Litzmann und Schwaderlappen zimmern aus der Sache Lehman(n) ihr eigenes Bonner Weltgebäude. Wie jedes Jahr geraten die Vorstandswahl und die Verabschiedung des Rechenschaftsberichts zur Farce. Der FKK-Rhenania-Vorstand hat die Vereinseinnahmen in Leergutscheinen auf dem Weltfinanzmarkt investiert („bei Herrn Lehman“). Trotz Flaschenpfand-Pfändungstitel ergibt sich buchhalterisch eine Lücke von 35 Millionen Flaschen oder 21 Millionen Litern geistiger Getränke. Damit alles ins Lot kommt, führt Litzmann eine Spendenquittung der Lehman Brothers über 2,45 Millionen Euro ins Feld (das Geld ist futsch), sowie eine weitere von Papst Pius XII., gezeichnet i. A. Litzmann. (Wenn der KfW-Vorstand nichts vom Bankrott der Lehman Brothers Holdings Inc. gewusst habe, müsse er auch nicht vom Verscheiden jenes Papstes Pius Kenntnis genommen haben und habe die Spende ergo in bestem Wissen und Gewissen getätigt.) Gernot Voltz in der Rolle als Herr Heuser vom Finanzamt taucht wie jede Session auf, um die Bücher zu prüfen. Inzwischen aber hat er, in seinem beamtischen Pflichtbewusstsein, durch die Amoral von Regierenden und Finanzmanagern weniger erschüttert als in gerechte Raserei getrieben, gleichsam die Seiten gewechselt und sucht nach Lösungen für seine Klientel. Er schlägt vor, dass die FKK Rhenania sich unter die Schirmherrschaft von Angela Merkel begebe, nämlich als Zulieferer der Not leidenden Autoindustrie. Wer heute noch einen der Sprit fressenden Oberklassewagen deutscher Hersteller fahre, brauche vor allem eines: Humor. Der FKK Rhenania aber sei „der größte Humor-Lieferant im Rheinland“ und verdiene folglich, von der Regierung finanziell am Leben erhalten zu werden. Herr Heuser, der brave Finanzbeamte in der immergleichen beigefarbenen Windjacke und mit Traveller-Hütchen, seinen Aktentrolley hinter sich herziehend, hat die Schnauze voll. Herr Heuser übt Systemkritik und gibt den Bürgern im Saal mit auf den Weg: „Wenn Sie das Porsche-Cabrio von Herrn Ackermann sehen, kotzen Sie ruhig mal rein!“
Um alle großartig-bösartigen Spitzen der diesjährigen Stunksitzung zu erwähnen, dazu ist hier leider nicht der Raum.
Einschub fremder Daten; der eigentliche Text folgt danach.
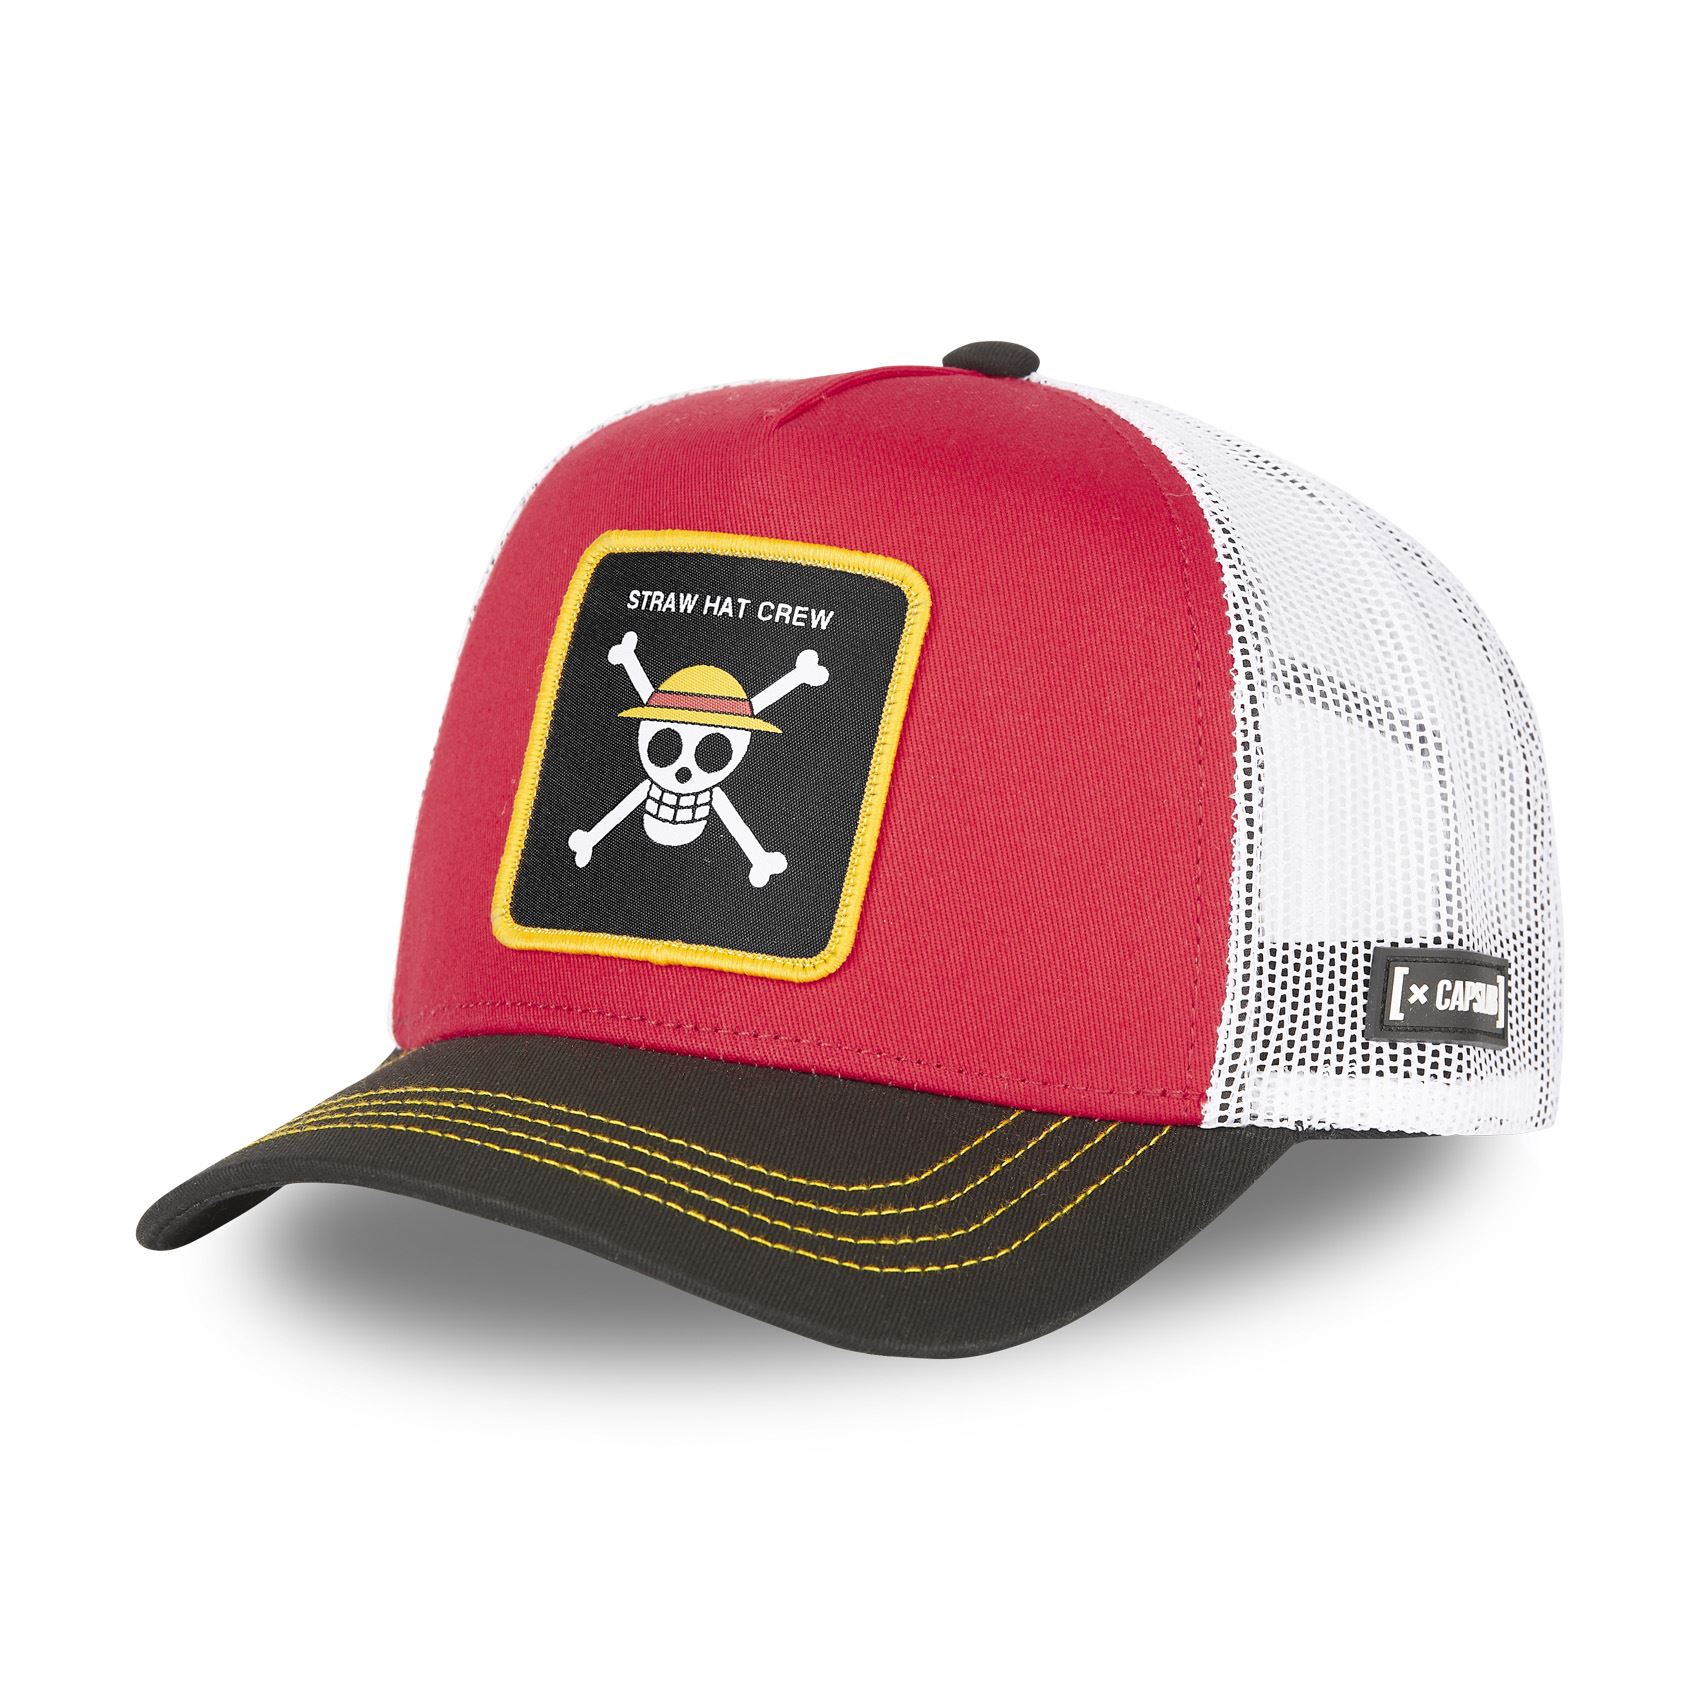 Straw Hat Crew One Piece Red Black White Trucker Cap Capslab

Von der Piratenfilm-Parodie Der rote Oskar, in der die deutsche Parteienlandschaft aufs Korn genommen wird, über „Viva Fastelovend“, eine überdrehte Satire, in der Doris Dietzold als Moderatorin Gülcan Kamps die zwei roten Funken Jupp und Rudi interviewt, den Song „Die Kinder vom Bofrost-Mann“, eine Cover-Version von Köbes Underground auf Dusty Springfields „Son of a Preacher Man“, den rasanten Auftritt von Didi Jünemann als gegen „Honig-Aufguss-Pussies“ und Wellness-Verweichlichungswahn wütendem Bademeister der alten Schule („hart, siffig, verchlort“), die makabre „Free-Tibet-Kür“ der deutschen Synchronschwimmerinnen, die während der Olympiade in Peking angeblich nicht gezeigt werden durfte, bis zur genial-virtuosen Nummer „Gekippte Kamera“, bei der die akrobatischen Aktionen, die Ozan Akhan und Günther Ottemeier auf der Bühne vollführten, zeitgleich um 90 Grad gedreht auf eine Leinwand projiziert wurden, bot die Stunksitzung 2009 ein Feuerwerk an politischer Satire, Poesie, musikalischen und choreografischen Höhepunkten und riss das Publikum mehrfach zu Standing Ovations hin. Die Stimmung in Bonn war etwas verhaltener, aber schließlich ist Pink Punk Pantheon auch kein Sitzungskarneval, sondern eine boshafte, geistreiche Revue, die den Traditionskarneval wie die Befindlichkeiten am ehemaligen Regierungssitz und im Rheinland überhaupt mit seismografischem Feingefühl aufs Korn nimmt. Zum Schluss sei noch ein Wort an den Rezensenten der „Frankfurter Allgemeinen Zeitung“ erlaubt, der die Pink-Punk-Pantheon-Revue im Feuilleton besprach: Die Service-Kräfte im Pantheon, immer auf der Flucht vor dem Bützchen-heischenden Litzmann, sind nicht auf 1-Euro-Basis beschäftigt, wie in der FAZ gemutmaßt wurde, sondern verdienen vom Pantheon erwirtschafteten Lohn für ihre harte Arbeit. „Auf 1-Euro-Basis arbeiten und dann auch noch die Nachstellungen eines Fritz Litzmann aushalten? Das würde keiner machen“, teilte die Pressestelle des Pantheon auf Nachfrage mit.